A delegation of officials from Egypt’s Muslim Brotherhood met with White House officials Wednesday, according to a White House spokesman who stated that “we have broadened our engagement to include new and emerging political parties and actors.”
The Muslim Brotherhood, long banned in Egypt after it sought to assassinate Egypt’s President Nasser in the 1950s, is poised to dominate Egypt’s new government after it emerged as the biggest winner in Egypt’s recent parliamentary elections.
The Obama Administration has bent over backwards to demonstrate its good intentions toward the anti-Western Islamist organization, which is now positioned to hijack Egypt’s pro-democracy revolution. But the road to hell is paved with good intentions, as the Carter Administration discovered after it attempted to improve relations with Iranian Islamist radicals led by Ayatollah Khomeini after Iran’s 1979 revolution.
The Muslim Brotherhood has already broken its promises not to seek to dominate the Egyptian parliament and not to run a candidate for president. Last Saturday, it announced that its Deputy Supreme Guide, Khairat al-Shater, would run for president in the May election. Yesterday, Shater proclaimed that his top priority would be installing Islamic law (Sharia), which would impose restrictions on the freedoms of Egyptians, particularly women and religious minorities such as the Coptic Christians, who make up an estimated 10 percent of the population.
The Obama Administration has glossed over the hostile ideology of the Muslim Brotherhood and downplayed the recent crisis in bilateral relations that was provoked by the politically motivated decision by Egypt’s transitional military government to prosecute pro-democracy non-governmental organizations (NGOs). Secretary of State Hillary Clinton recently announced that the U.S. will continue delivering $1.5 billion in annual aid to Egypt, despite Cairo’s provocative behavior.
This decision sends the wrong signal to Egypt’s leaders: that they can continue to exploit anti-American sentiments whipped up by the state-controlled media with little fear of the consequences. Granting U.S. aid on an unconditional basis also signals weakness and virtually guarantees that the NGO show trials will continue.

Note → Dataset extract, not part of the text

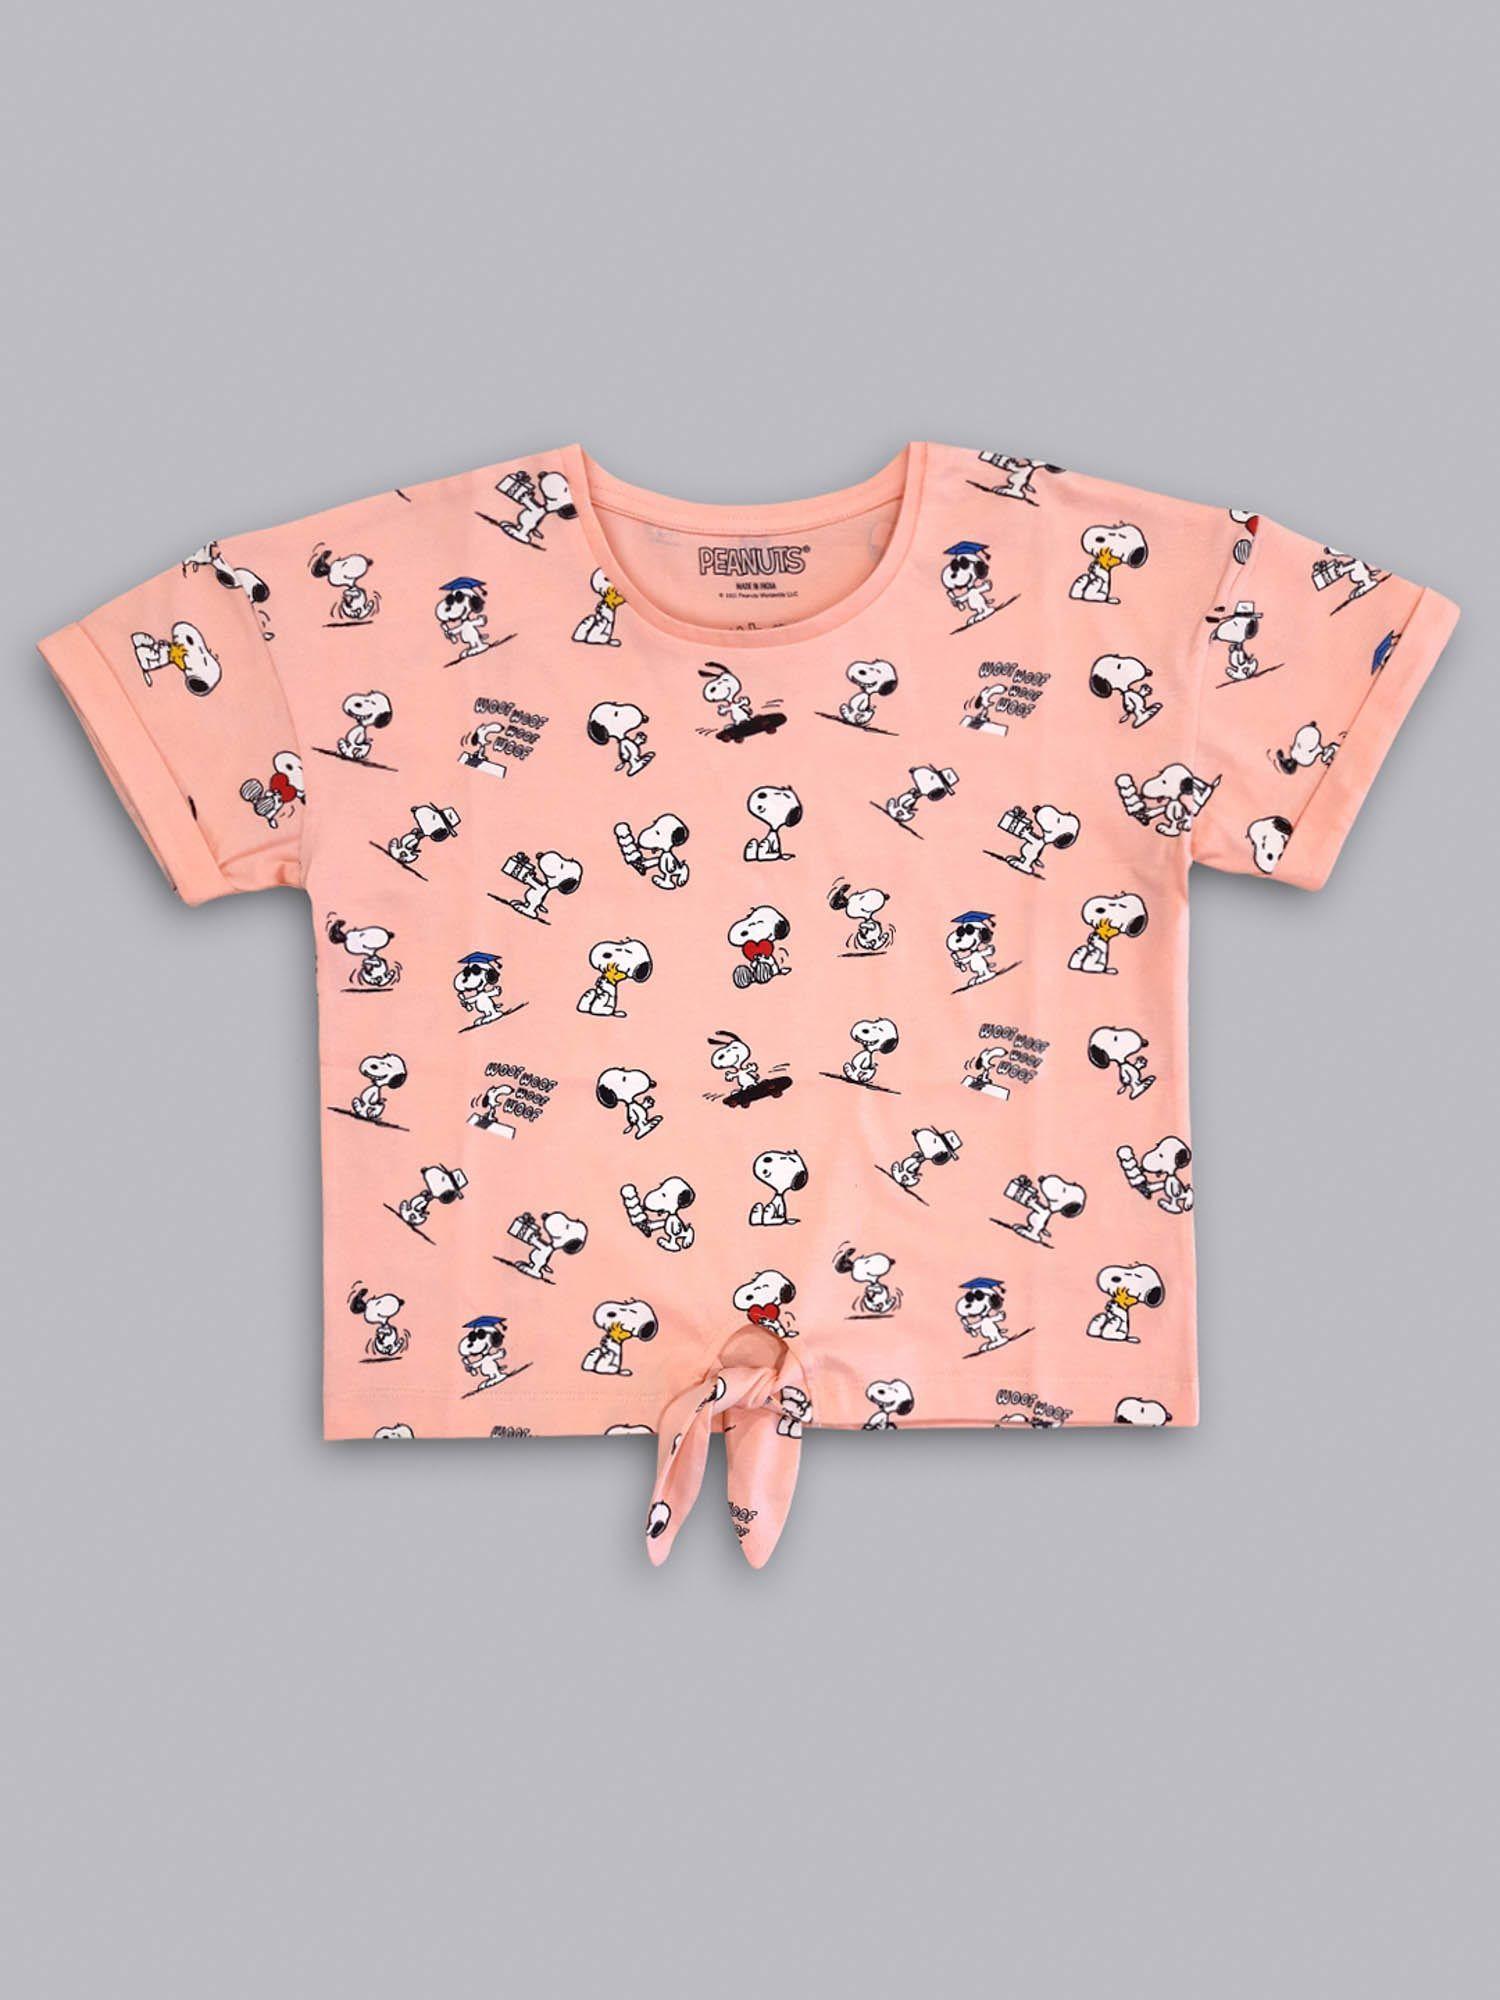 peanuts featured top for girls

The Obama Administration’s efforts to establish a good working relationship with the Muslim Brotherhood is doomed to fail also because of the Brotherhood’s implacable hostility toward Israel. Shortly after the Egyptian delegation went to the White House, terrorists launched a rocket attack against the Israeli city of Eilat from Egypt’s Sinai desert. Israeli Prime Minister Benjamin Netanyahu warned that the Sinai has become a “terror zone” and that Israel would take action to contain the danger.
Eight Israelis were killed in a terrorist attack launched by Palestinian terrorists from the Sinai desert last August, and more such attacks are likely to strain Israeli–Egyptian relations in the future. Egypt’s Muslim Brotherhood is allied with Hamas, the radical Palestinian Islamist movement that has been responsible for many rocket attacks against Israel. Unlike Egypt’s Mubarak government, the Muslim Brotherhood–led regime is likely to support Palestinian terrorists, not restrain them.
Therefore, although the Obama Administration remains in denial about the hostile nature of Egypt’s Muslim Brotherhood, its plans to curry favor with Egypt’s new leaders are likely to swiftly collapse in the face of growing Egyptian–Israeli tensions over continued terrorism.